Given material:
##############################

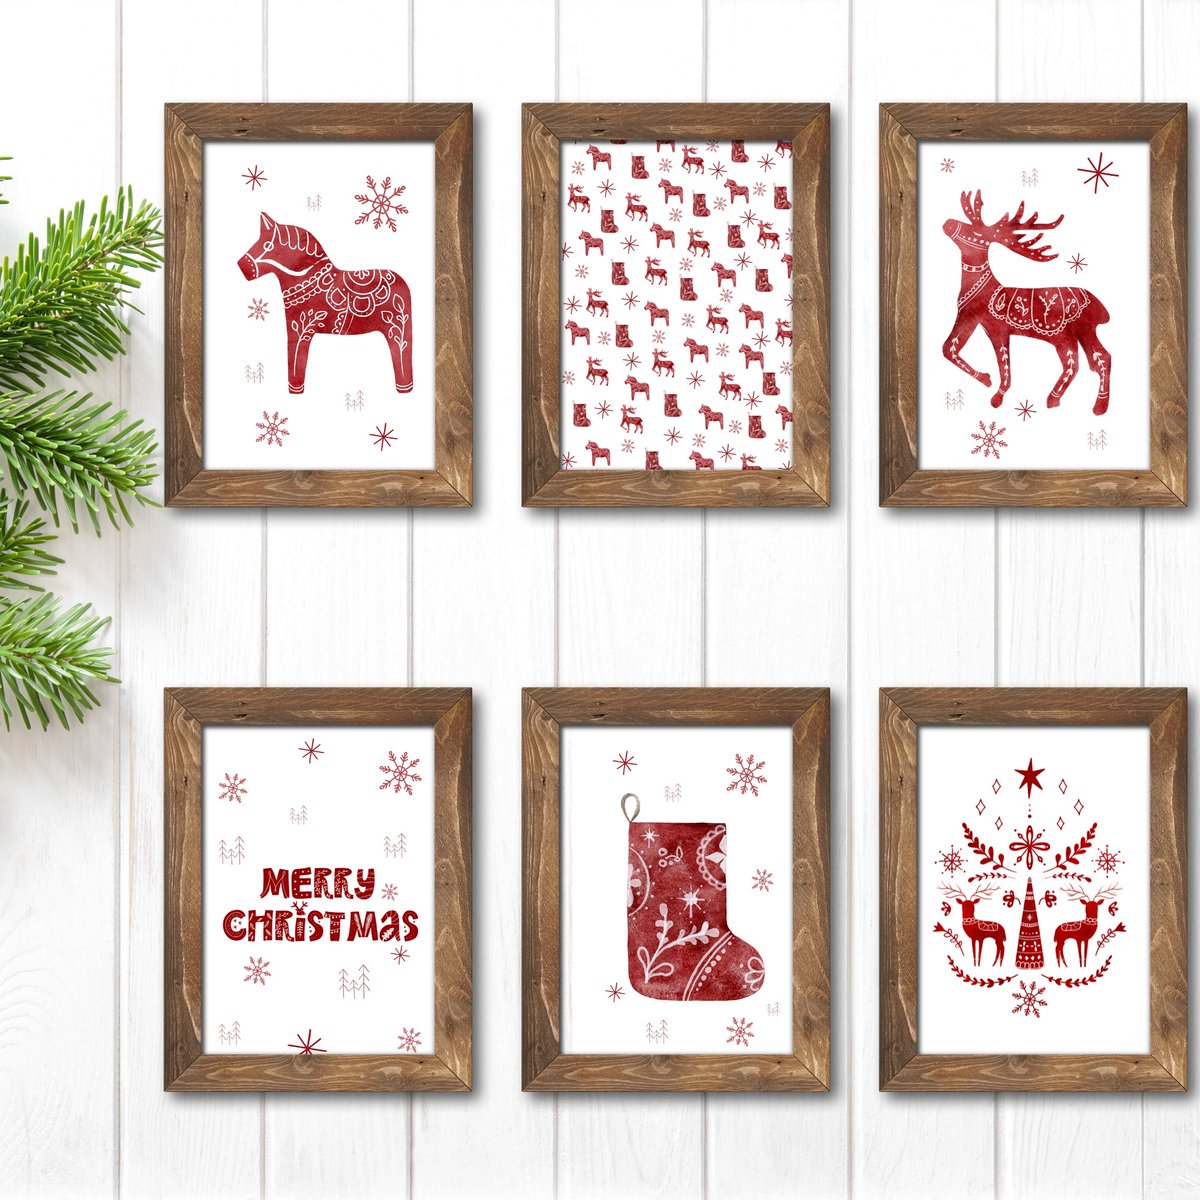 NORDIC CHRISTMAS available in my #etsygifts store follow the link etsy.com/listing/134677… #nordicchristmas #nordic #christmaswallart #christmaswallartdecor #christmasprintables #scandichristmas #christmasart #redchristmas #christmasdecorations #christmasvibes #etsychristmas
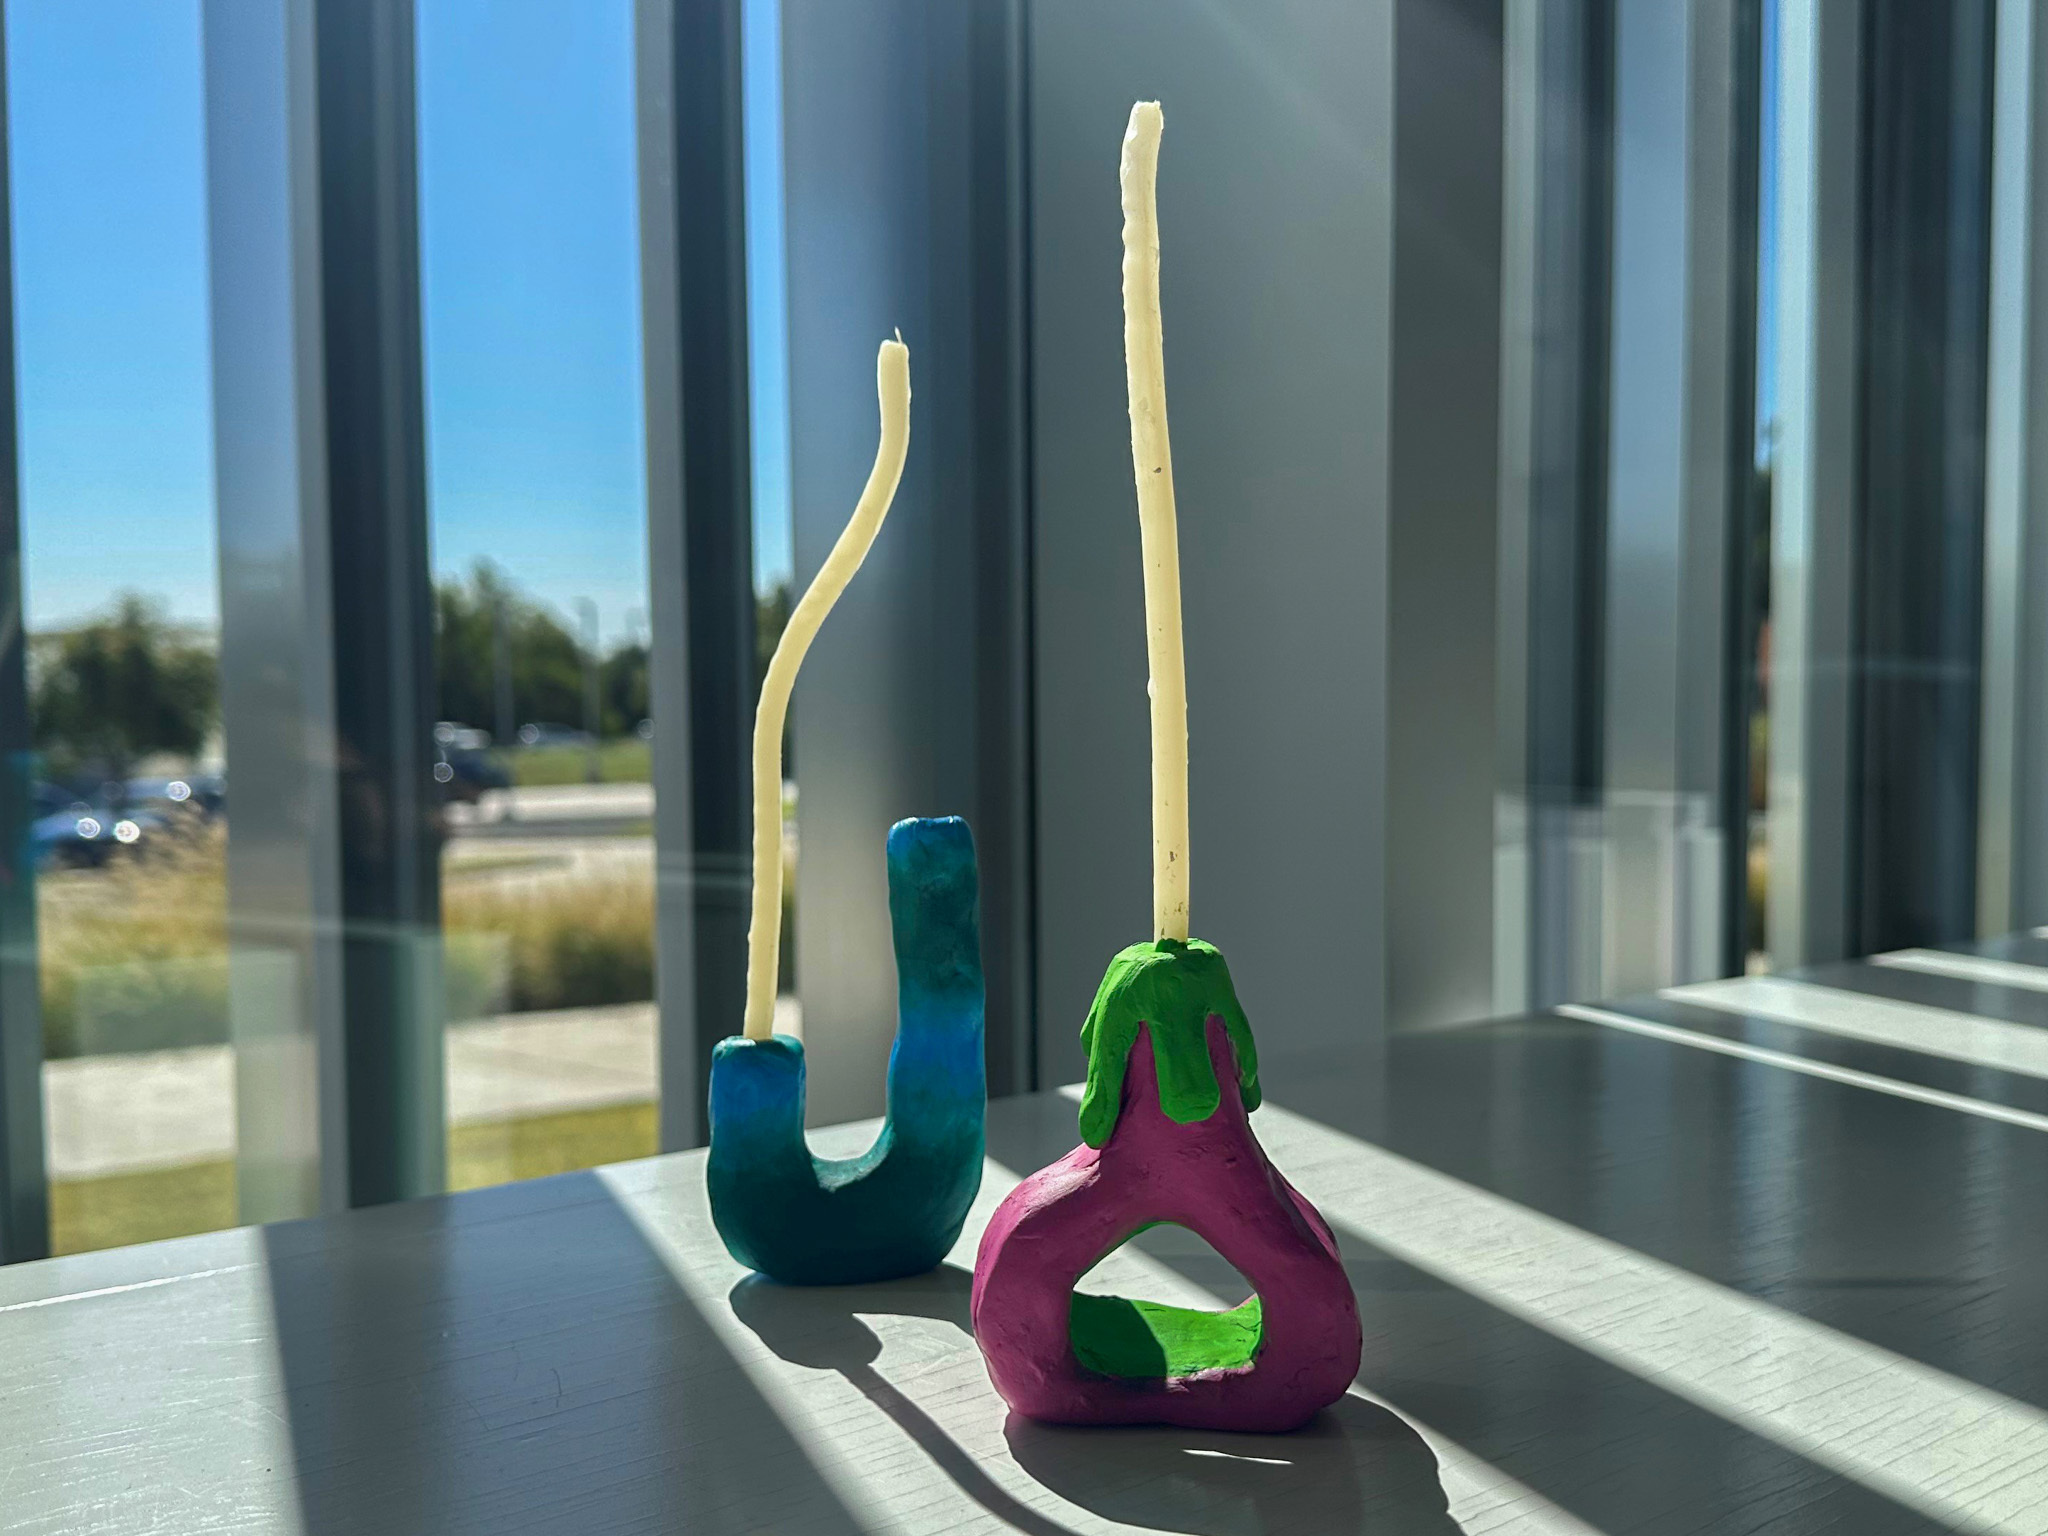 Two colorful and whimsical candleholders with white tapers
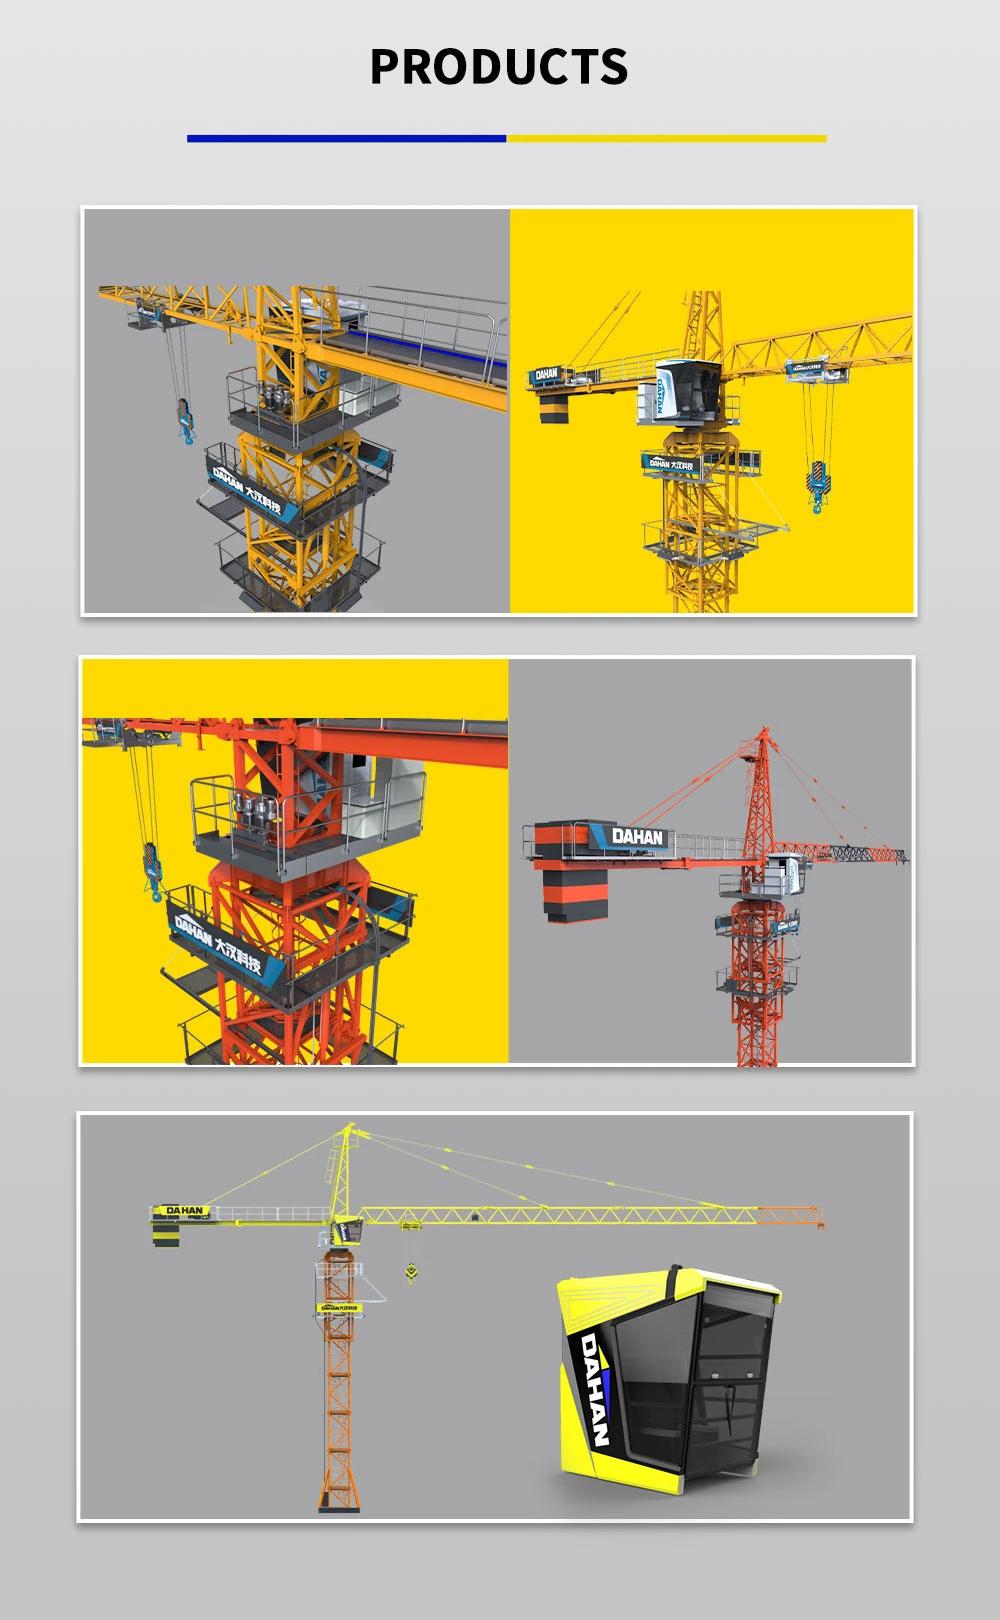 Factory Direct Sales of Small Tower Cranes, Low-Cost Tower Cranes

##############################

Give back the data exactly. Skip any images.

 NORDIC CHRISTMAS available in my #etsygifts store follow the link etsy.com/listing/134677… #nordicchristmas #nordic #christmaswallart #christmaswallartdecor #christmasprintables #scandichristmas #christmasart #redchristmas #christmasdecorations #christmasvibes #etsychristmas
 Two colorful and whimsical candleholders with white tapers
 Factory Direct Sales of Small Tower Cranes, Low-Cost Tower Cranes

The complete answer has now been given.